**TASK TO COMPLETE**
Further down are entries; set down exactly and only the lines from the one with "JNCO WIDELOAD BAGGY" up to and including the one with "Art inspired by", dropping each picture.

**DATA**
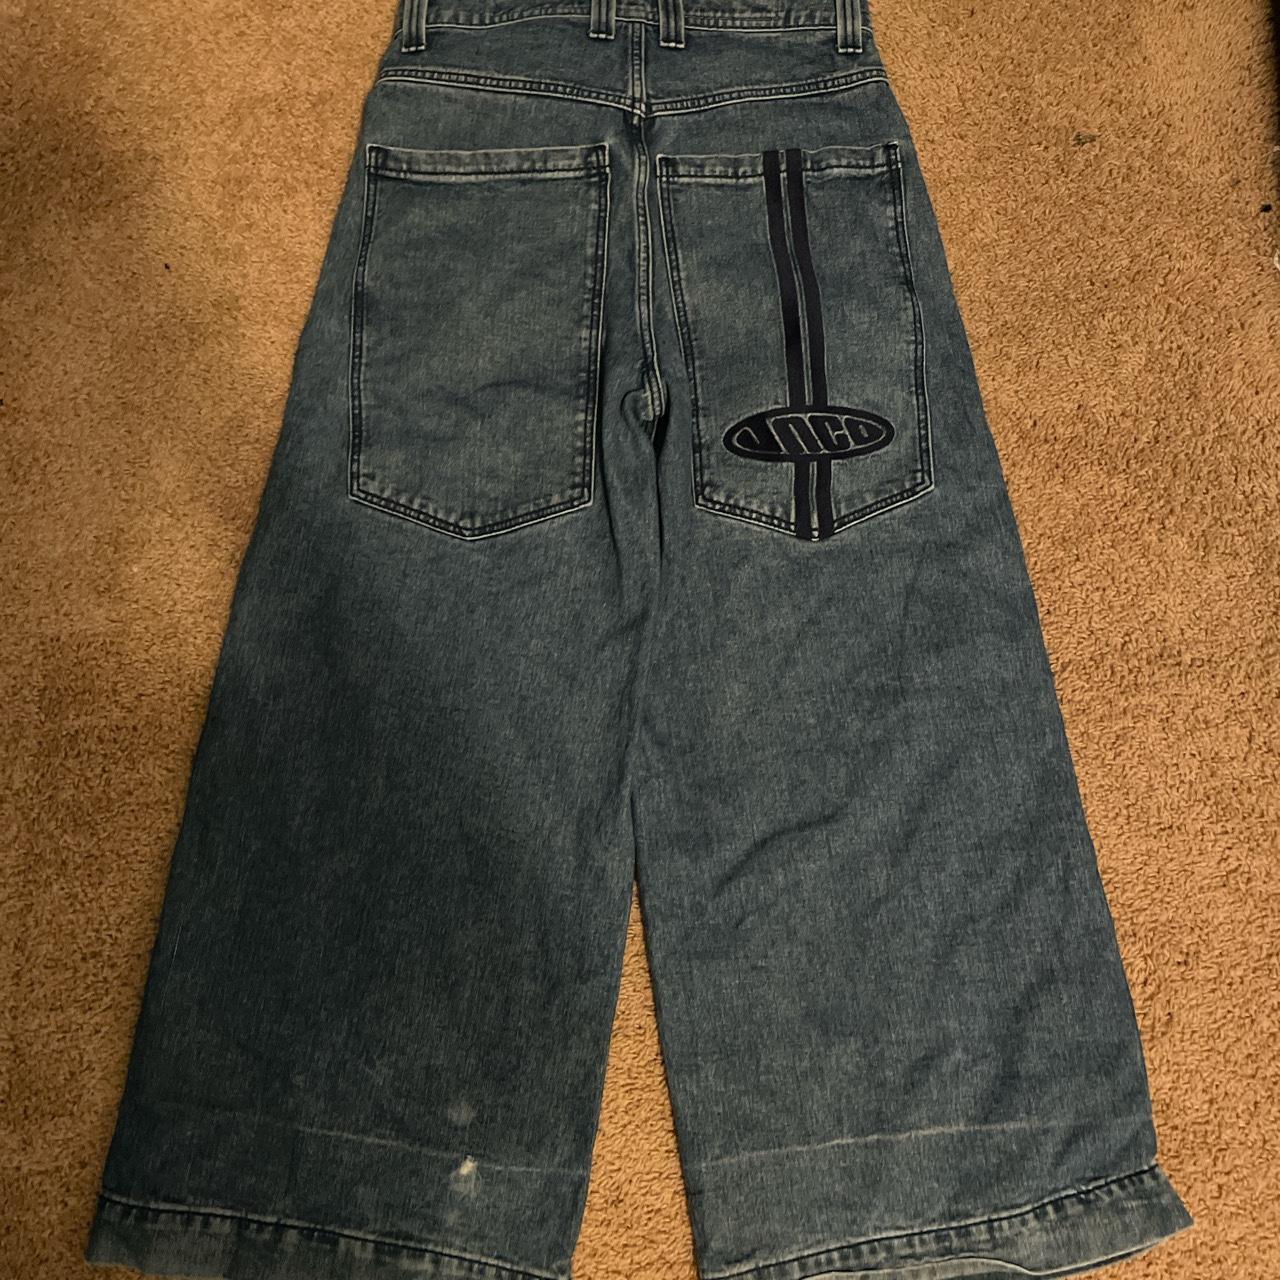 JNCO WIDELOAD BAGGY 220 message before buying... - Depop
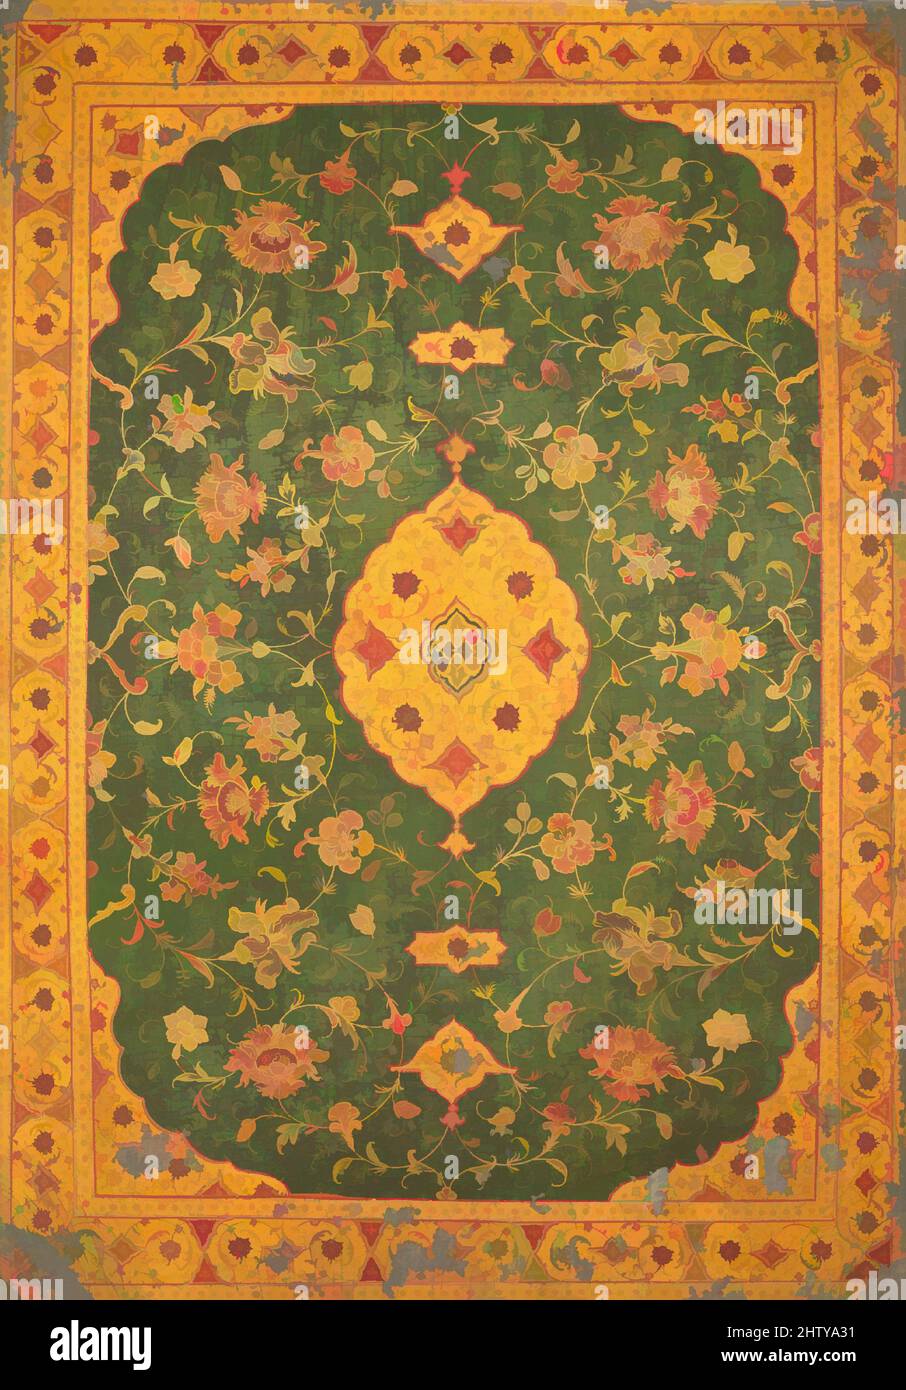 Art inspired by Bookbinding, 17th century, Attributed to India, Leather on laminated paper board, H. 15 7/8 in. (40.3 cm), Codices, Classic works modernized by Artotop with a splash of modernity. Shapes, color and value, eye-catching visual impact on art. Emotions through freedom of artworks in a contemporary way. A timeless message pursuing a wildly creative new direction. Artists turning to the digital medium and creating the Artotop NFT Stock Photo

==

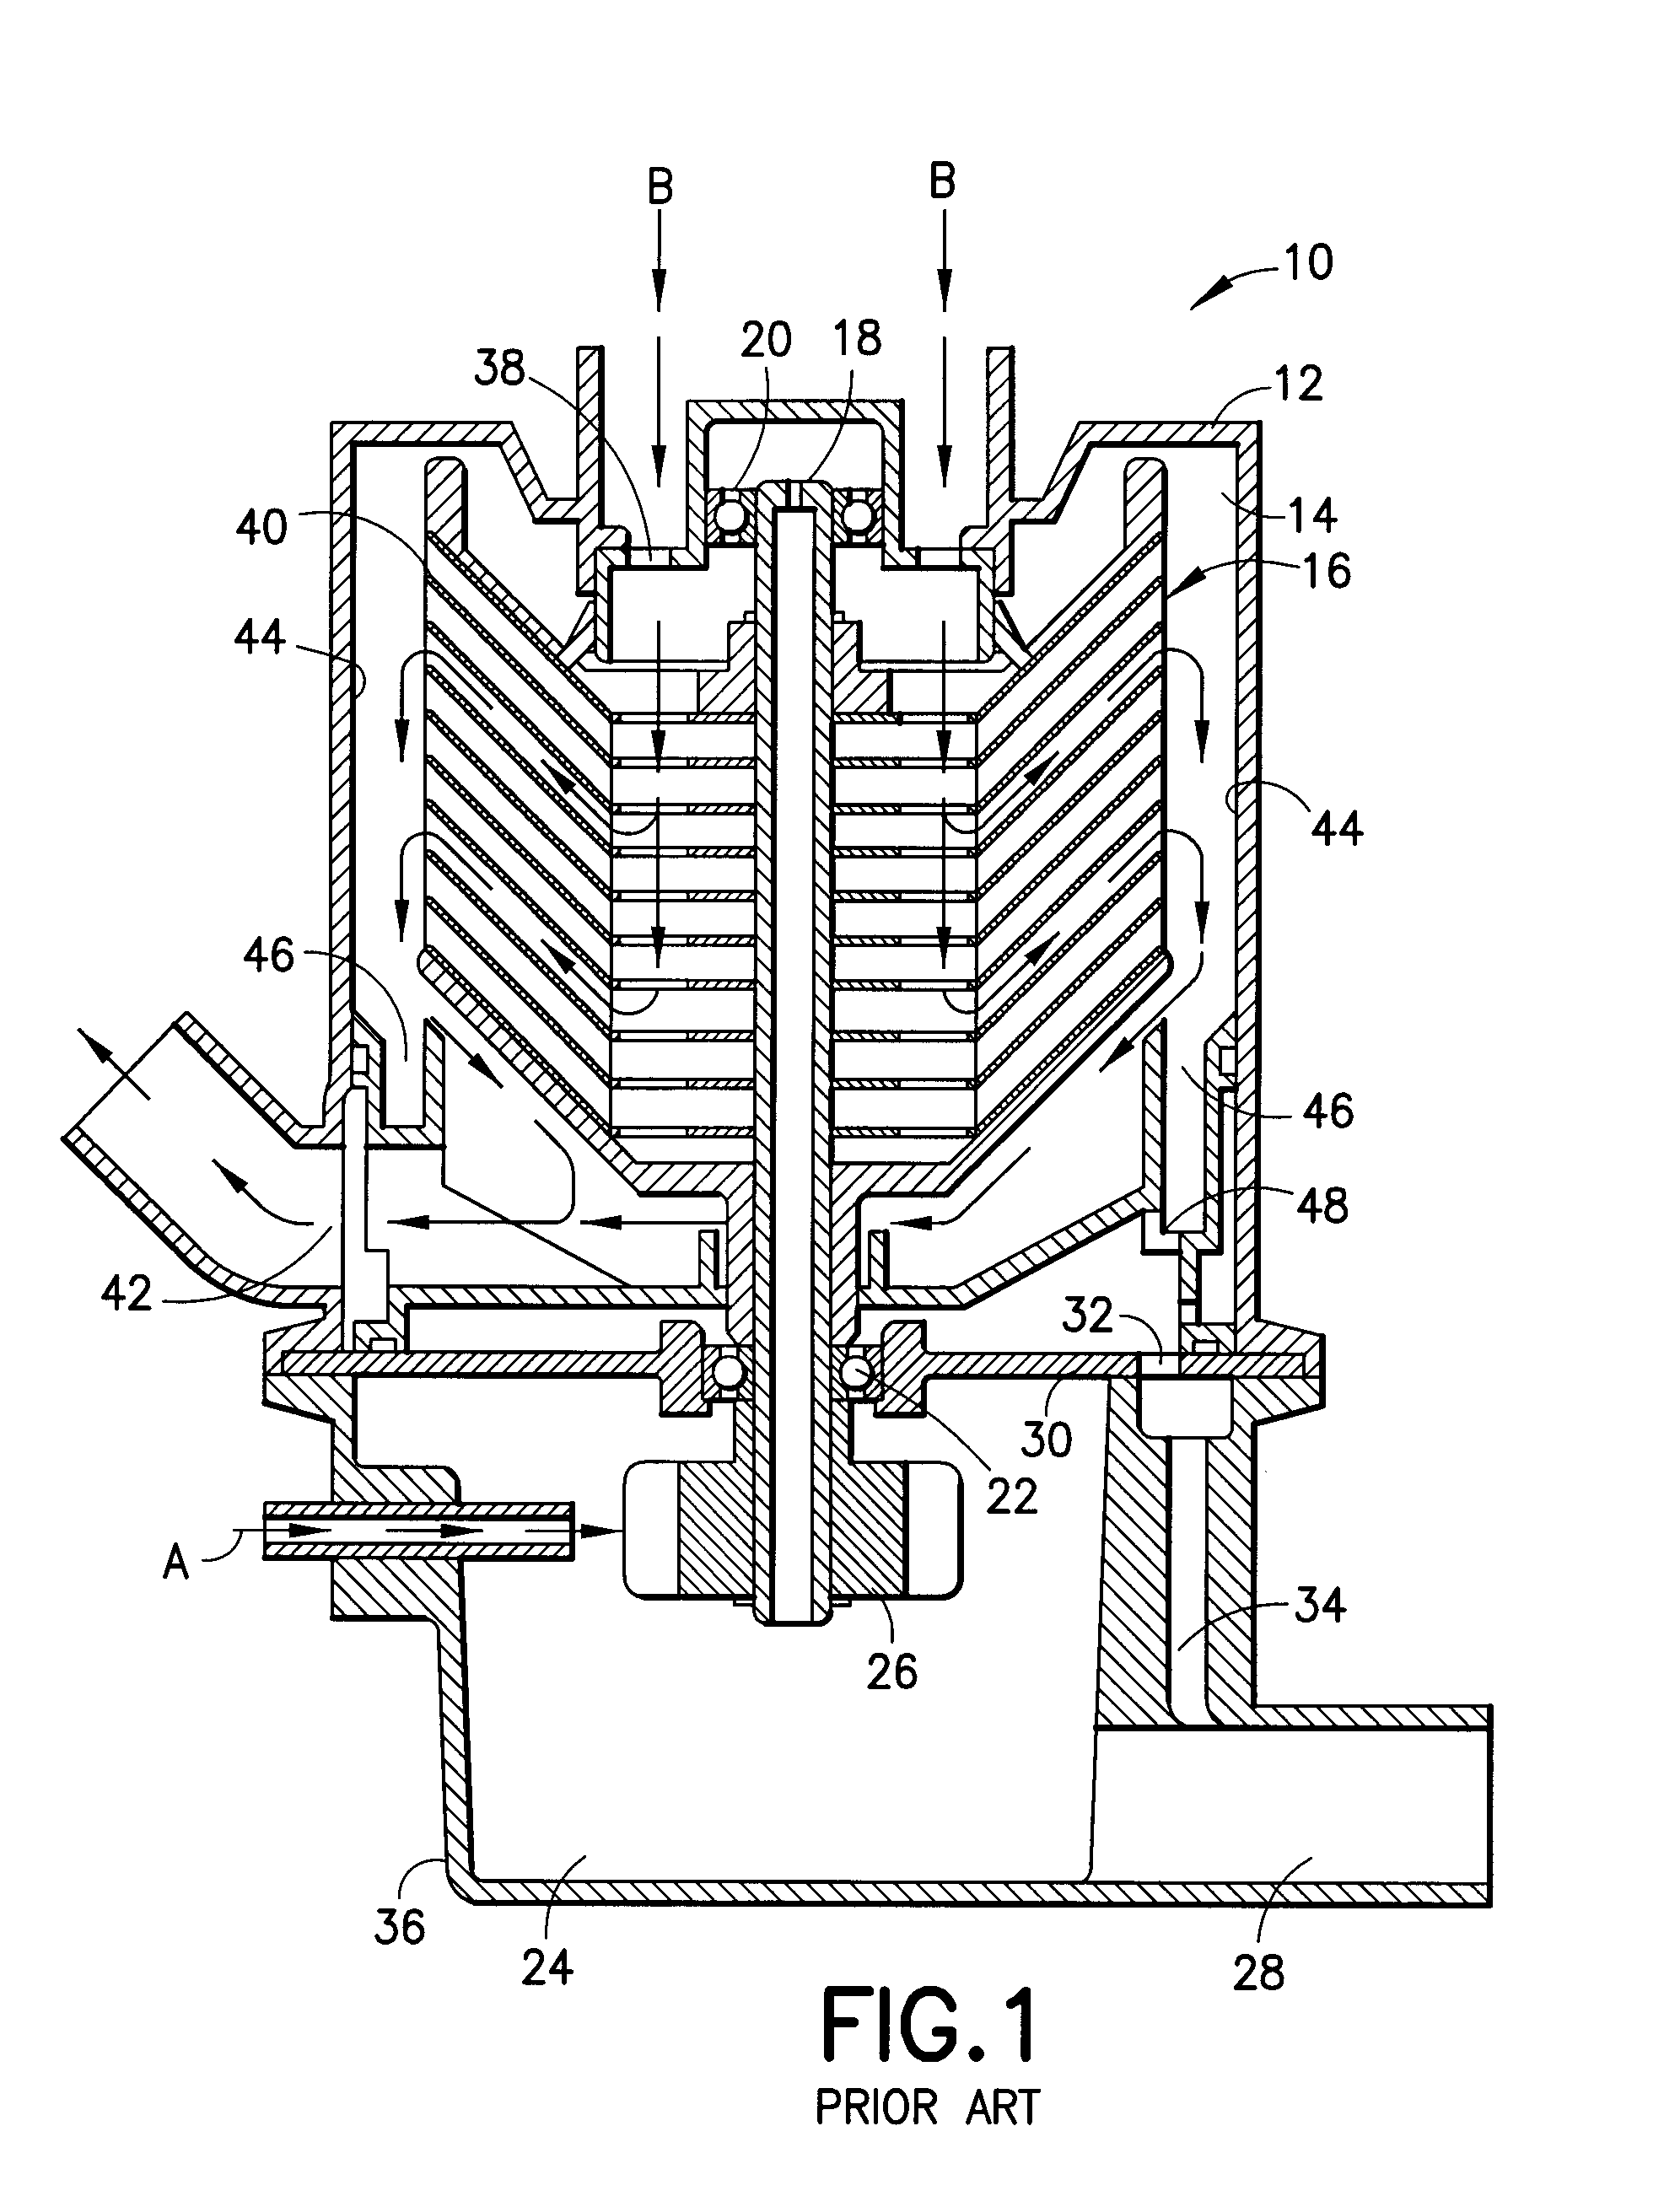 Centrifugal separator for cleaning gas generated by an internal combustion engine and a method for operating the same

--

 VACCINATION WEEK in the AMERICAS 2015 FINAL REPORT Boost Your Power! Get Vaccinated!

**EXPECTED OUTPUT**
 JNCO WIDELOAD BAGGY 220 message before buying... - Depop
 Art inspired by Bookbinding, 17th century, Attributed to India, Leather on laminated paper board, H. 15 7/8 in. (40.3 cm), Codices, Classic works modernized by Artotop with a splash of modernity. Shapes, color and value, eye-catching visual impact on art. Emotions through freedom of artworks in a contemporary way. A timeless message pursuing a wildly creative new direction. Artists turning to the digital medium and creating the Artotop NFT Stock Photo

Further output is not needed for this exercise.